# A Letter To My Wife



## DaniBack2016 (Sep 18, 2015)

Eileen,

I have to be honest with you and come clean for a few things. I am not sure when this happened, but my feelings for you have changed dramatically. I do love you in the fact that you are my wife and I care a great deal for you. However, lately I have discovered that my love has faded. I have been trying to find ways to bring it back, but I believe that my heart was never truly free to love again. I avoided issues of the heart and now I have caused an issue that I am not sure can be repaired. 

Most importantly that this time I have come to a decision that will greatly challenge us. I do not want any more children. I have been battling this for quite some time trying to make sense of it. It is not that I don’t want any children. It is that I cannot produce any children. The doctor at the fertility clinic informed me that I can no longer produce children. This has taken me to a dark place where I do not want children at all. I do recognize a need for adoption, but in my heart I feel that I could not raise someone’s child either. I know that you want children, but I cannot give you what you want. 
This is not fair to you that I continue to doubt my love for you and our future. I am not sure where this will take us or what will happen. At this point I believe that we should attend counseling and see where we can make positive changes. If that is something that you cannot do I understand. I cannot promise you anything about how I feel or if I will fall back in love with you. I can promise that I will make every effort to try. I am so sorry to put you in this position, but we need to go through this to see if this will make us stronger. If it does and we can continue or marriage and forever be in love and together. If it does not then we need to make a serious choice on what we want. 

I can tell you that there is a large part of me that wants to be alone and just live my life. I must be clear in saying that although I want is us to try to work on our marriage. If you feel that you are better off without our struggle then by all means we will get a divorce and close our chapter.
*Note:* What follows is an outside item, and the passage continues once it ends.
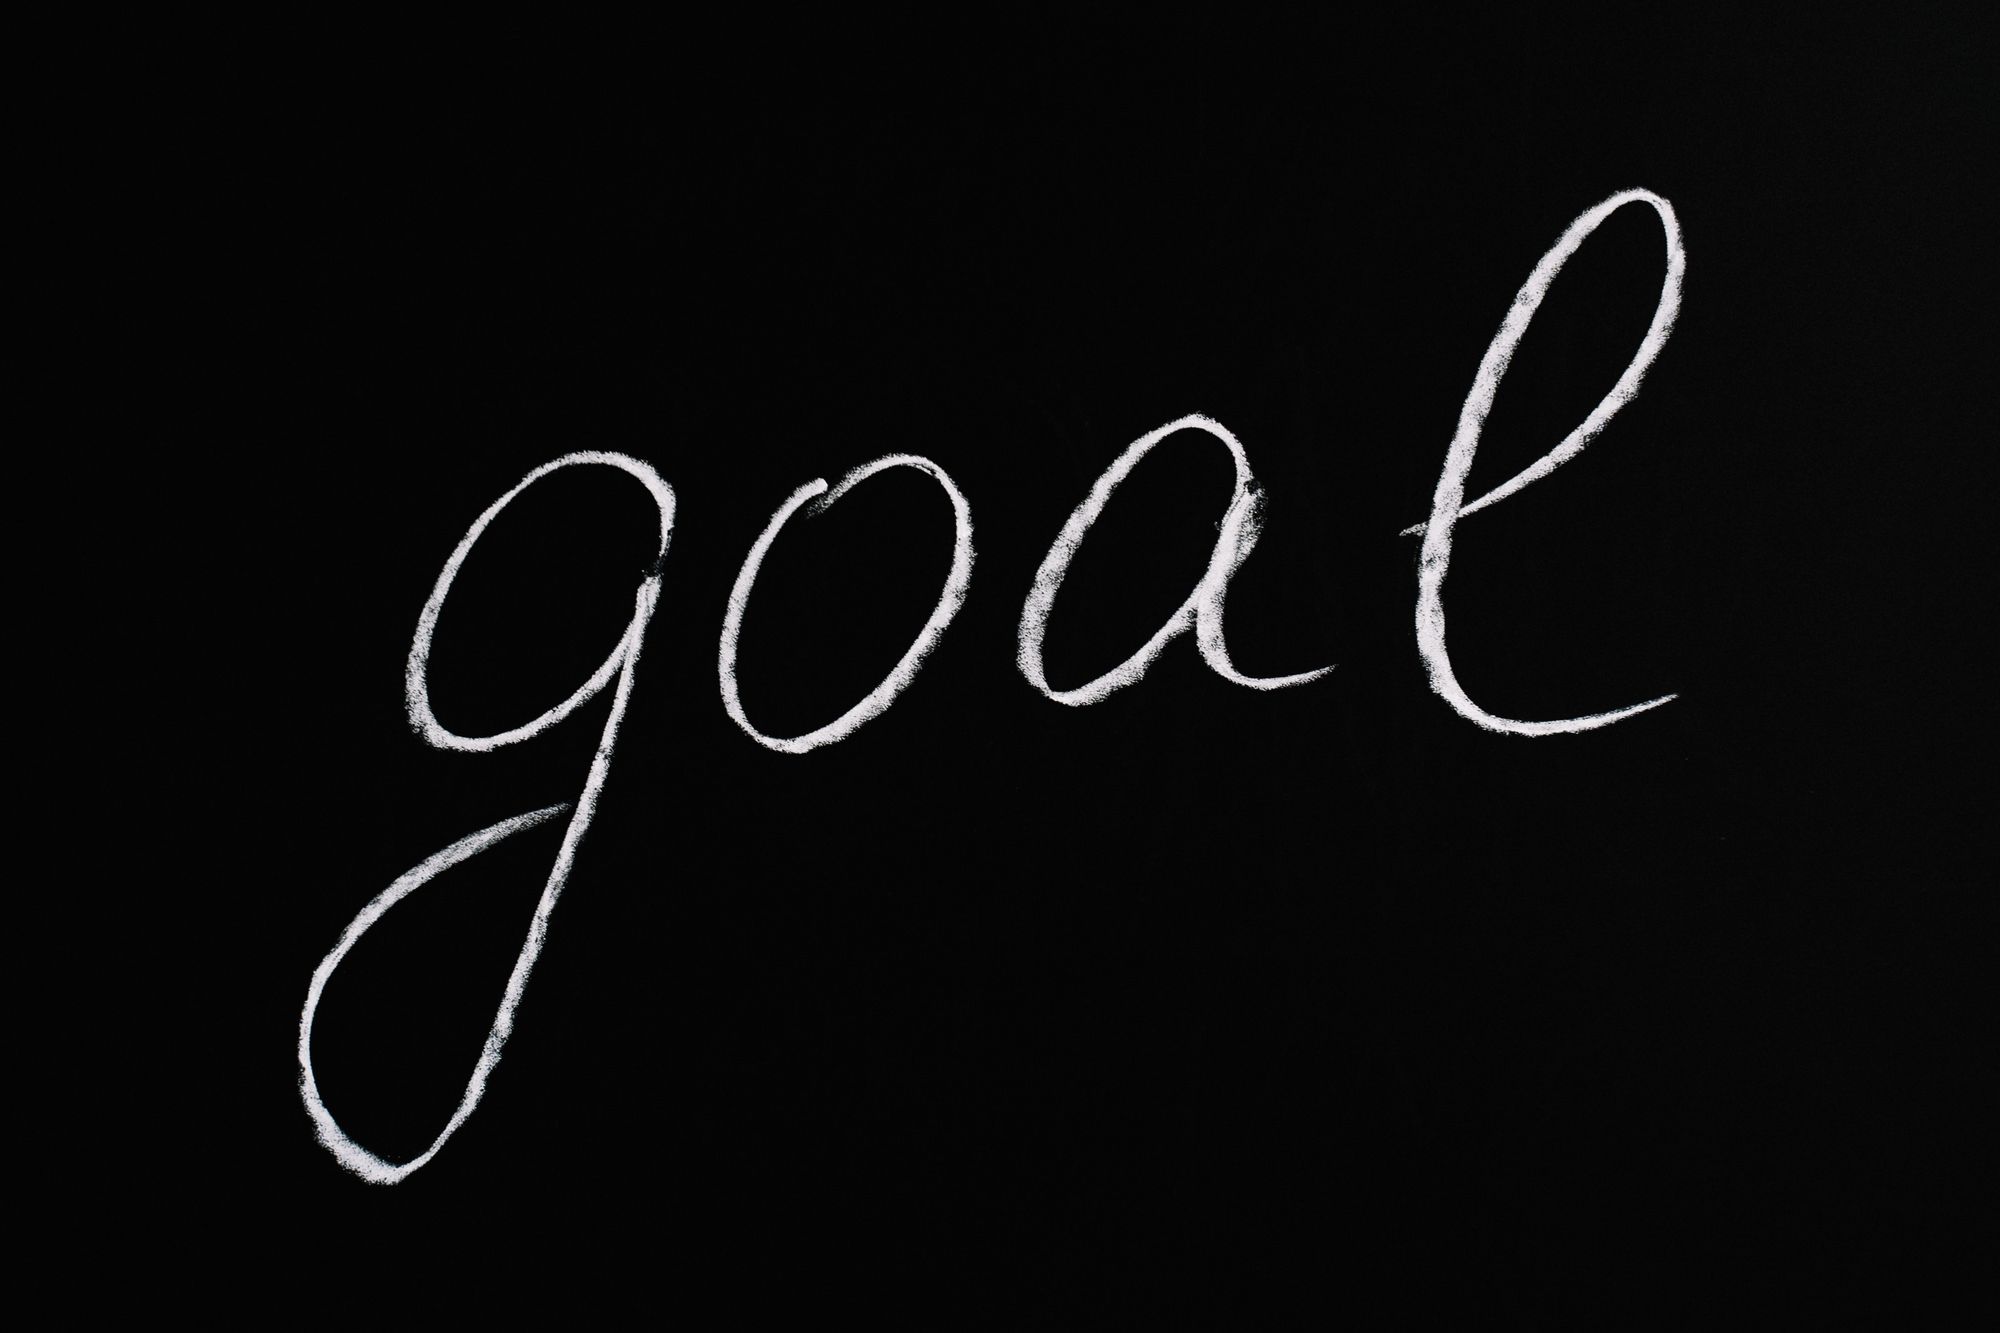 Image showing "goal" lettering on a black background
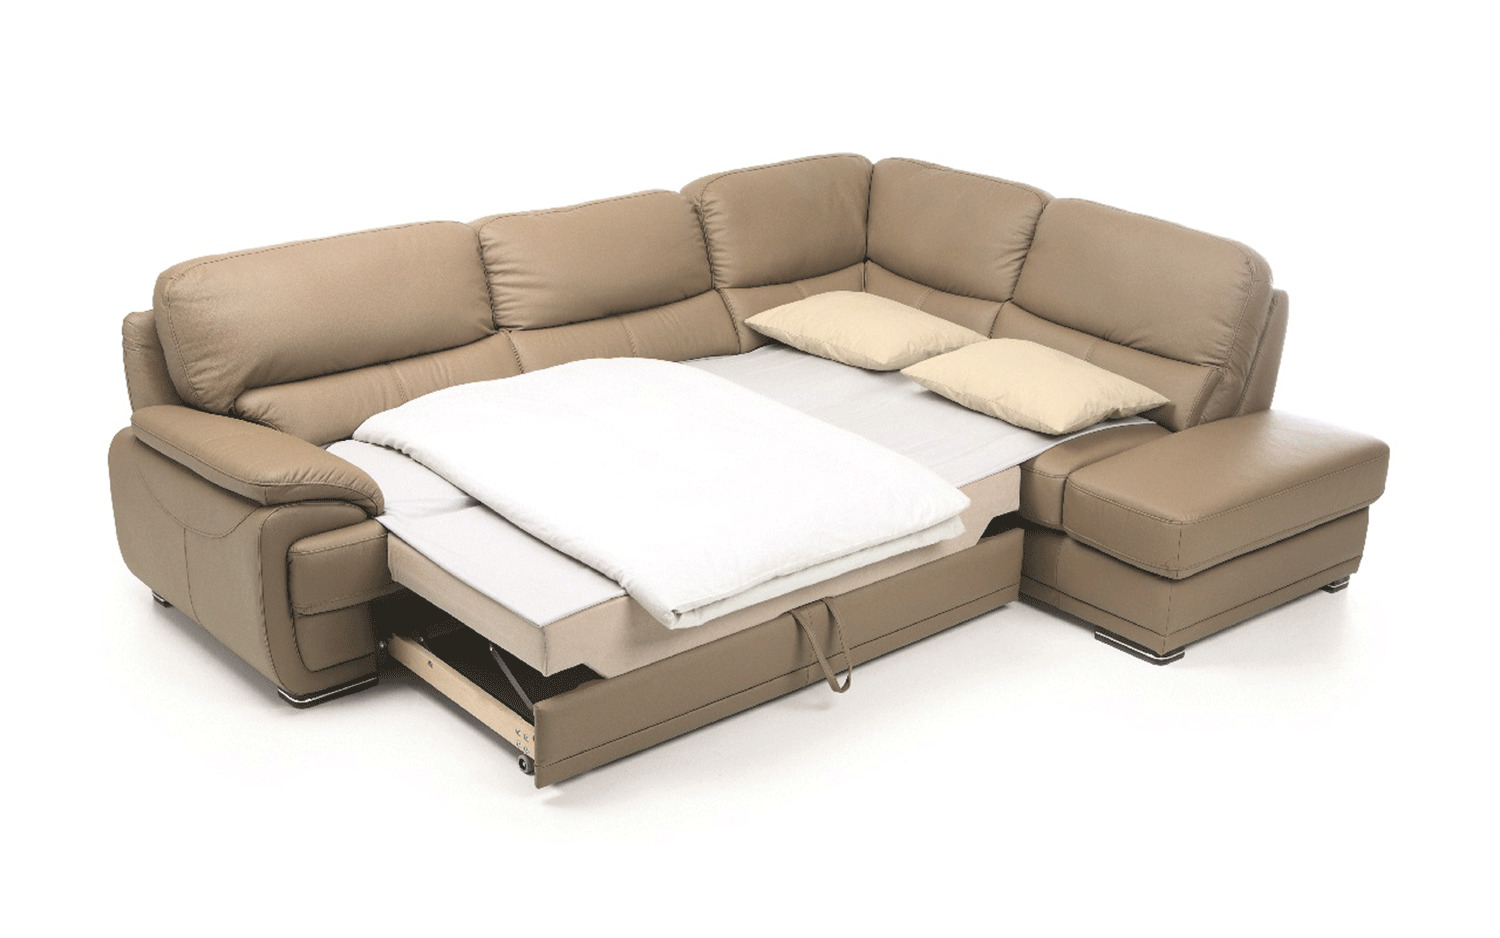 leather sleeper sectional sofa west elm

I cannot say whether or not I will fall in love with you again. I just need you to understand that and be prepared if we do not wind up separating and getting a divorce.


----------



## asdfjkl (Sep 26, 2015)

I wrote a letter to my wife explaining my feelings and what I assumed to be wrong a few months back.
She was furious because I did not talk to her but rather write and because she did not think I made any sense.

Two months later she admitted repeatedly that the points I raised were valid and true and that I opened her eyes. Due to having the letter which she could read again whenever she wanted, she could check on what I said/wrote. This is how she finally came to believing me. No distorted memory of heated arguments to warp the picture.
But still she remains furious until today because I wrote instead of speak to her.

I wrote because I did not see that we would have been able to discuss one single point raised in this letter without a serious fight put up by her. Talking it would take days to bring everything across and it would be distorted by emotions, wrong choice of words and misunderstanding. A letter is clearer and you are emotionally more under control while writing. Hence less errors which could ruin a dialogue from the beginning are bound to happen. This is why I opted out for the letter. I still believe it was the right way to do it. But you should really make sure that you believe that is the same for you. 

From what I read there are is no blaming, no putting fault to your wife. That is why I would rather try to talk to her. if you still insist on the letter, I would leave the last part out. This goes without saying anyway but could be perceived as a direct or indirect threat. It also discredits your emphasise on being willing to try resolving the issue. Please think about that.

Regards

asdfjkl


----------



## aine (Feb 15, 2014)

Does your wife have any inkling of these issues you raise? If not, speak to her first. There is too many things in here. Also you seem to be confused yourself or trying to protect yourself from hurt. 


You are also sending mixed messages, leave the marriage, work on the marriage etc. this letter will break her heart.

Do you love her or not or is this a defensive mechanism because you cannot have children.

You say you don't love her, is this due to the stress of trying for kids?
Then you say you might fall in love again, is this to give her a way out?
If so, I think that that is a cruel way to do it.
Speak with her, one issue at a time.
Therefore there are two convoluted issues

Whether you love her or not
The fact you cannot have kids

Are you absolutely sure you are not throwing the first one into the mix to leave an open door for either of you to escape?

You have to be honest. Perhaps the love is gone due to stress. Take one step at a time, i.e. The kids issue and then go to counselling


----------



## jld (Dec 1, 2013)

If I got a letter like that from my husband, I would just sit down and discuss divorce.

I am not saying that is a bad thing at all. It could probably be freeing for both of them.


----------



## SecondTime'Round (Jan 15, 2015)

I hope she at least knew something was wrong in your relationship before getting this email. How did she not know about your fertility issue? Do you already have children?


----------



## SadSamIAm (Oct 29, 2010)

jld said:


> If I got a letter like that from my husband, I would just sit down and discuss divorce.
> 
> I am not saying that is a bad thing at all. It could probably be freeing for both of them.


What would you say to a guy though, if you received a message like that from his wife?


----------



## jld (Dec 1, 2013)

SadSamIAm said:


> What would you say to a guy though, if you received a message like that from his wife?


Do you mean if he received that message?

Well, it depends on how much he wants kids. Going child free for life when you always wanted to be a dad would be tough. You would really have to love the woman.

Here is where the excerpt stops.